On December 31, 2012, a month and change after President Obama’s re-election when he carried Florida a second time, of the 12.6m registered voters in Florida (including Active, Inactive, and Pre-registered 16 & 17 year-olds ), Democrats comprised 40%, No Party Affiliates (NPAs) made up 21%, and Republicans accounted for 35% of the electorate.

Flash-forward to August 31, 2016. Democrats now make up only 38%, NPAs are up to 24%, and Republicans continue to comprise roughly 35% of the overall statewide electorate, which now weighs in at a hefty 13.7m registered voters.

And there was much rejoicing among Republicans…as the gap between registered Democrats and Republicans had narrowed, from roughly 595k to just 419k of all Active, Inactive, and Pre-registered voters on the statewide voter rolls, as of August 31, 2016.

But as I’ve tirelessly Tweeted and conversed with the media, this narrowing (by 176k voters) does not mean that Republicans have out-registered Democrats over the past 3 1/2 years.

As I’ve repeatedly shown, Democrats have actually out-registered Republicans over this period of time. 

Below I report the 2.32m newly registered voters, by party, of those who registered between January 1, 2013 and August 31, 2016 and who are still in the voter file. These are not voters who registered prior to January 1, 2013 and who subsequently changed their party registrations. No, these are NEWLY registered voters over the 3 1/2 years as of August 31, 2016.

fl-2013-2016aug-new-registrations-by-party

As the table shows, of the 2.32m voters who registered during the 44 month period and who are in the statewide Florida voter file (as of August 31, 2016), 31% are registered as Democrats, 38% are NPAs, and 28% are Republicans.

In real numbers, over 80k more Democrats than Republicans are in the voter file who registered during the 3 1/2 year period. More precisely, for those of you who really like facts, as of August 31, 2016, there are 80,329 more Democrats who registered since January 1, 2013 than Republicans who registered over the same period of time and who are in the statewide voter file as of August 31, 2016.

So, with Democrats out-pacing Republicans on new registrations over the past 44 months, how is it possible that the the registration gap between the Democratic and Republican parties has closed by some 176k registered voters, with the relative percentage of Republicans growing and the percentage of Democrats decreasing?

The main reason is that the attrition rate over the past 44 months of previously registered Democrats is larger than that of Republicans who were registered prior to January 1, 2013. Some 1.24m voters have ‘exited’ the voter file over the 3 1/2 years.  Some 514.9k Democrats who were registered prior to 2012 are no longer on the rolls; 435.8k Republicans who were on the books back on December 31, 2012, are no longer registered to vote.

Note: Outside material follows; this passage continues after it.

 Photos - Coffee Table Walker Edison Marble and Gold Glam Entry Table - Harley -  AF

That’s a Democratic disadvantage of 79k voters, and it largely accounts for the Republicans closing the overall voter registration gap in the Sunshine State.

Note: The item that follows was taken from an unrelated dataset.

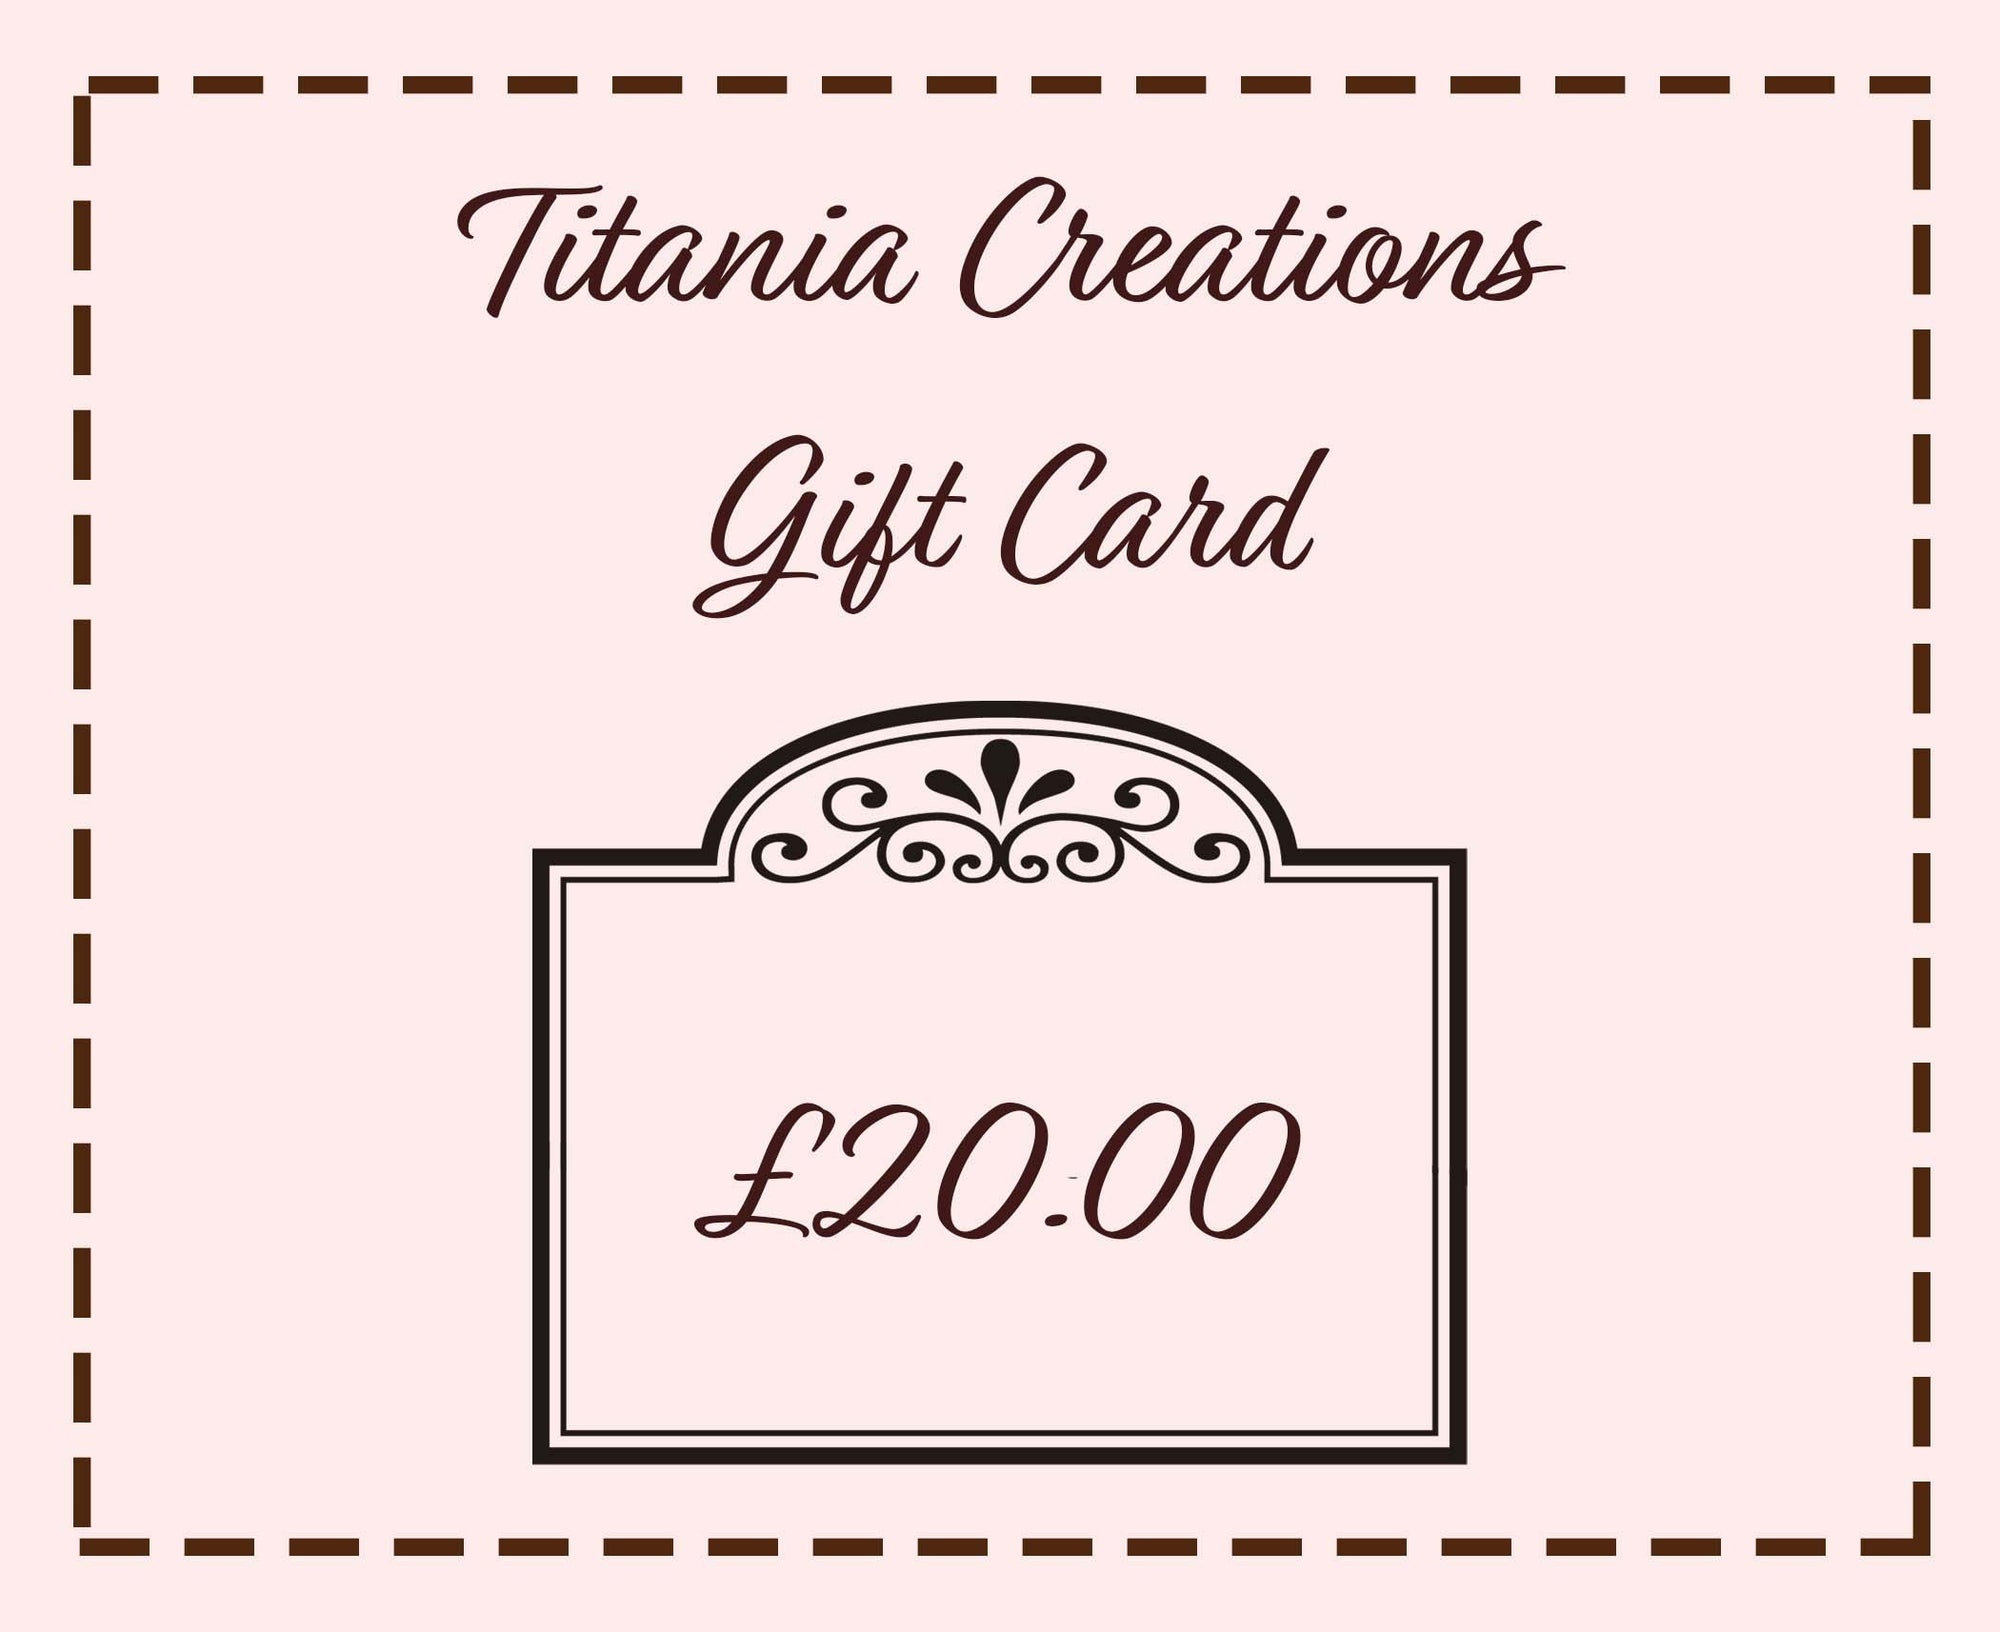 Gift Cards £20.00 Card

The balance –some 97k voters — accounting for Republicans closing the statewide voter registration lead held by Democrats is due to party-switching.

Of the 11.3m voters in Florida who were registered on January 1, 2013 and who remained on the voter rolls on August 31, 2016, some 216k former Democrats are no longer (as of August 31, 2016) registered with the Democratic Party. There’s also been party-switching among formerly registered Republicans, but it has not been as drastic: some 120k registered voters who were registered as Republicans on December 31, 2012 are no longer registered Republicans (as of August 31, 2016).

I’ll have fuller examination of  party-switching in a subsequent post, as I’m currently working on an academic paper on the topic that delves down into much greater detail.

So there you have it. The great mystery of the narrowing voter registration gap between Democrats and Republicans in Florida has been solved.

No conspiracy. No skewing of the data. Just the facts.

Yes, I know facts are tough to swallow for some, especially in these heated times.

But if you just chew on them long enough, you really can digest them. Really. Just try.

I still have hope that the United States can become a Mastication Nation.